VIII - outros documentos exigidos pelas legislações federal, estadual e municipal;
Art. 25 - A Prefeitura Municipal definirá as diretrizes, no prazo máximo de 90 (noventa) dias corridos, esboçando nas plantas apresentadas pelo interessado:
I - a projeção do sistema de vias de circulação articuladas com as vias adjacentes oficiais, existentes ou projetadas, e harmonizadas com a topografia local, em conformidade com as normas de sistema viário;
II - as dimensões de chácaras e quadras, não inferiores ao inciso I do artigo 9°;
III - a localização da estação de tratamento de esgoto quando for o caso, observado o disposto no inciso X, do art. 9º desta Lei Complementar;
§ 1º - O parecer técnico pela inviabilidade do empreendimento deverá ser fundamentado, especificando as irregularidades ou requisitos desatendidos.
§ 2º - Recebendo parecer negativo o requerimento será arquivado.

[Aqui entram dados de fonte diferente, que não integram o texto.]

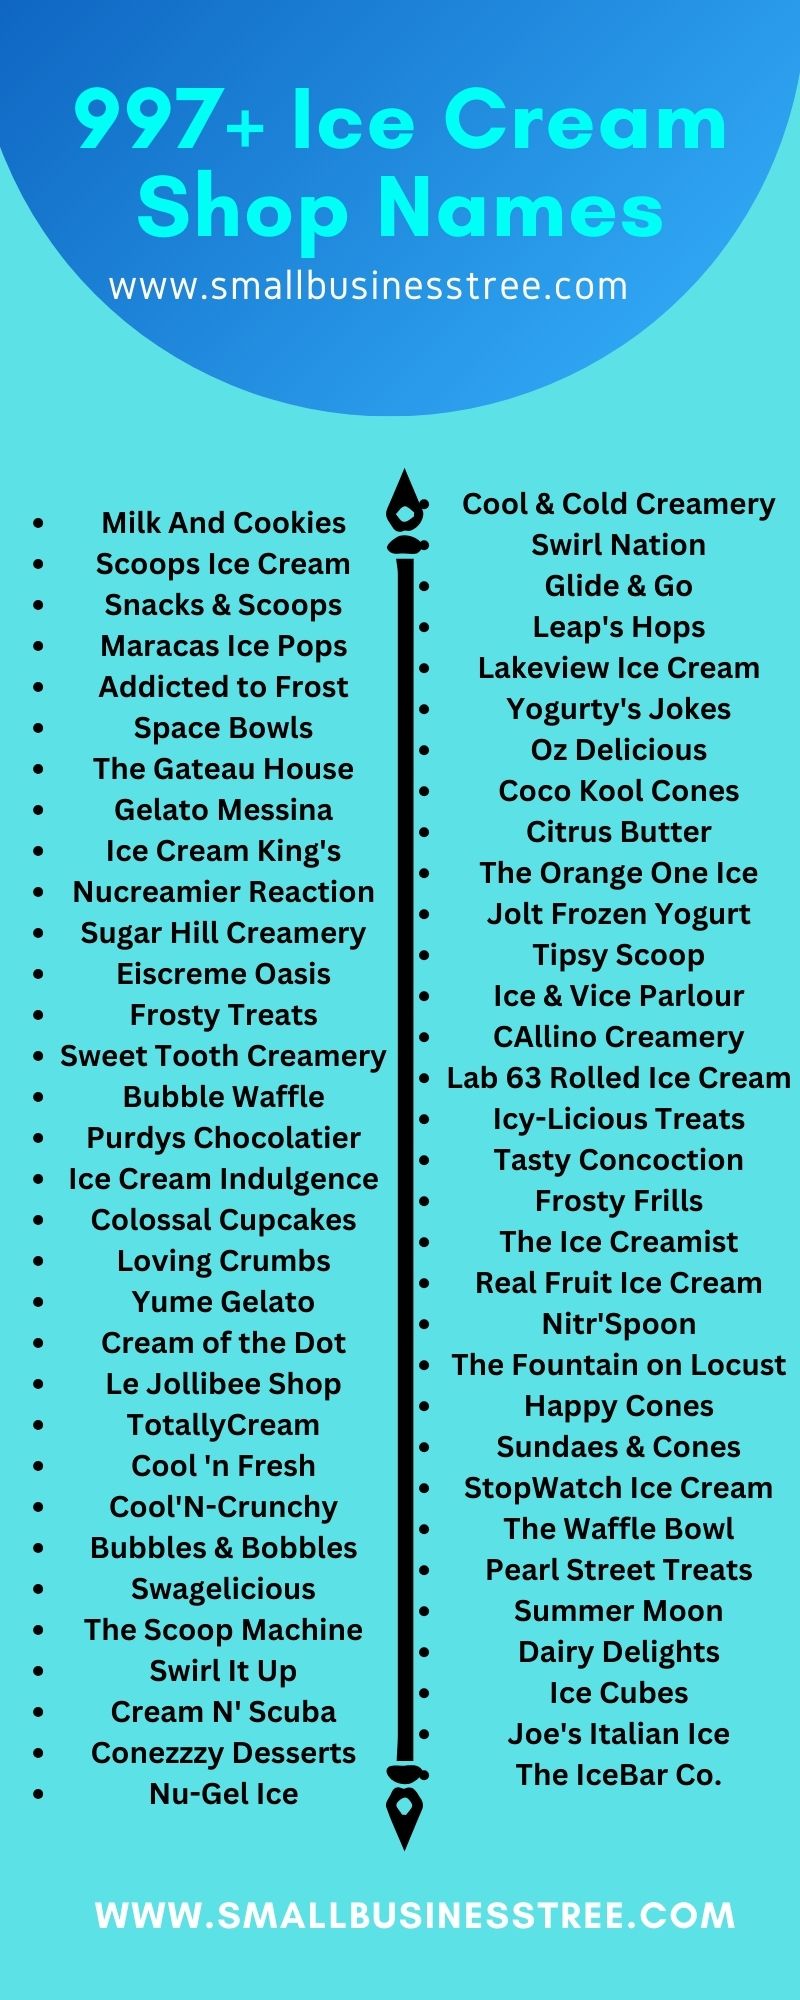 Ice Cream Shop Name List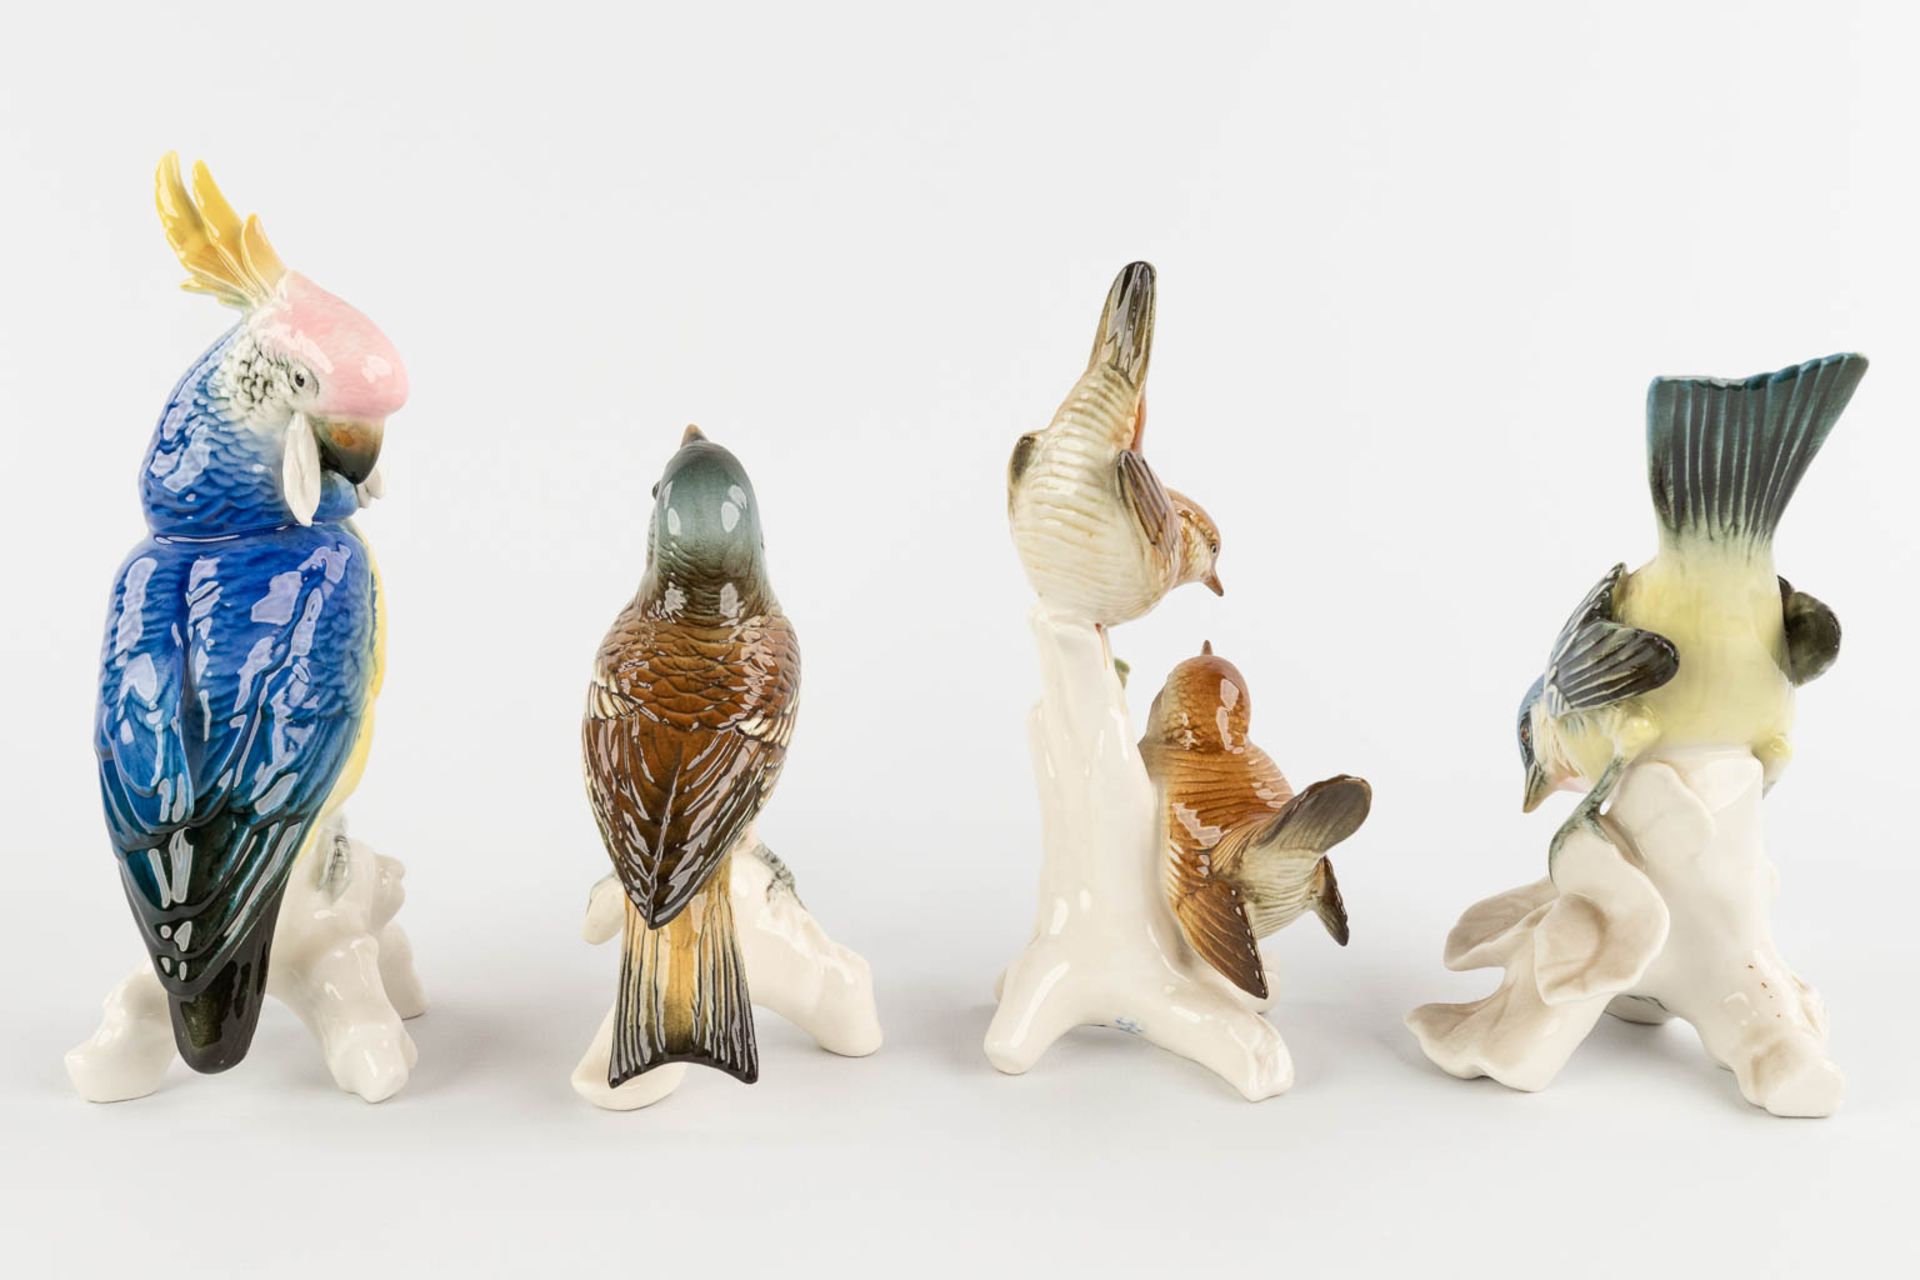 Karl ENS Porzellan, 8 birds, polychrome porcelain. 20th C. (H:19 cm) - Image 4 of 15

§ 3º - As diretrizes vigorarão pelo prazo máximo de 2 (dois) anos, contados da data de sua expedição.
CAPÍTULO VI
O PROJETO DECHACREAMENTO
Art. 26 - Para aprovação, o projeto de parcelamento do solo deverá obrigatoriamente seguir a orientação das diretrizes oficiais apontadas pela Secretaria Municipal de Obras e Meio Ambiente, contendo:
I - título de propriedade do imóvel ou certidão atualizada de matrícula da gleba expedida pelo Cartório de Registro de Imóveis da Comarca com averbação da sua descaracterização para área urbana;
II - certidão negativa débito municipal, estadual e federal;
III- memorial descritivo;
IV- cronograma de execução das obras;
V - projeto urbanístico conforme diretrizes, em três (03) vias, devidamente assinadas pelo profissional responsável, na escala de 1:1000 e uma cópia digital em CD com arquivos do tipo “PDF” (memorial e cronogramas) e “DWG” (desenhos), rotulado, identificado e com a informação da versão dos arquivos, além da cópia de ART registrada no órgão competente, da responsabilidade técnica do autor do projeto, contendo:
a) a subdivisão das quadras em chácaras, com as respectivas dimensões, numeração, cotas lineares e de nível e ângulos;
b) sistema de vias de circulação com a respectiva hierarquia em conformidade com o Sistema Viário;
c) as dimensões lineares e angulares do projeto, com raios, cordas, arcos, ponto de tangência e ângulos centrais das vias;
d) os perfis longitudinais e transversais de todas as vias de circulação, áreas verdes e áreas de preservação permanente, com indicação da porcentagem de inclinação e cotas de nível, na escala de 1:500, ou outra escala indicada pela Secretaria de Obras;
e) a indicação dos marcos de alinhamento e nivelamento localizados nos ângulos de curvas e vias projetadas;
f) a indicação em planta na escala de 1:1000, e perfis de todas as linhas de escoamento das águas pluviais na escala de 1:500, ou outras escalas indicadas pela Secretaria de Obras;
g) os detalhes dos ângulos, perfis e outros necessários à implantação do projeto;
VII- projeto de abastecimento de água e respectiva ART;
VIII - projeto de coleta e destinação final de esgoto e respectiva ART;
IX - Projeto que detalhe como será feito a coleta de lixo no interior do Chacreamento;
X - Projeto ambiental orientado pelas diretrizes apontadas pelaSecretaria de Meio Ambiente, contendo:
a) o estabelecido no art. 9º desta lei complementar, no que couber;
b) descrição e delineamento da área de preservação permanente e forma de sua preservação e manutenção;
c) descrição, delineamento e formação da área verde e forma de sua utilização, preservação e manutenção;
d) cronograma de arborização das vias de circulação e área verde; e
e) espécies a serem utilizadas na arborização das vias de circulação e de área verde;
f) demarcação e averbação da respectiva área destinada à reserva legal, nos termos da legislação ambiental vigente, conforme cada caso;
g) Documento Autorizativo para Intervenção Ambiental - DAIA, quando necessário.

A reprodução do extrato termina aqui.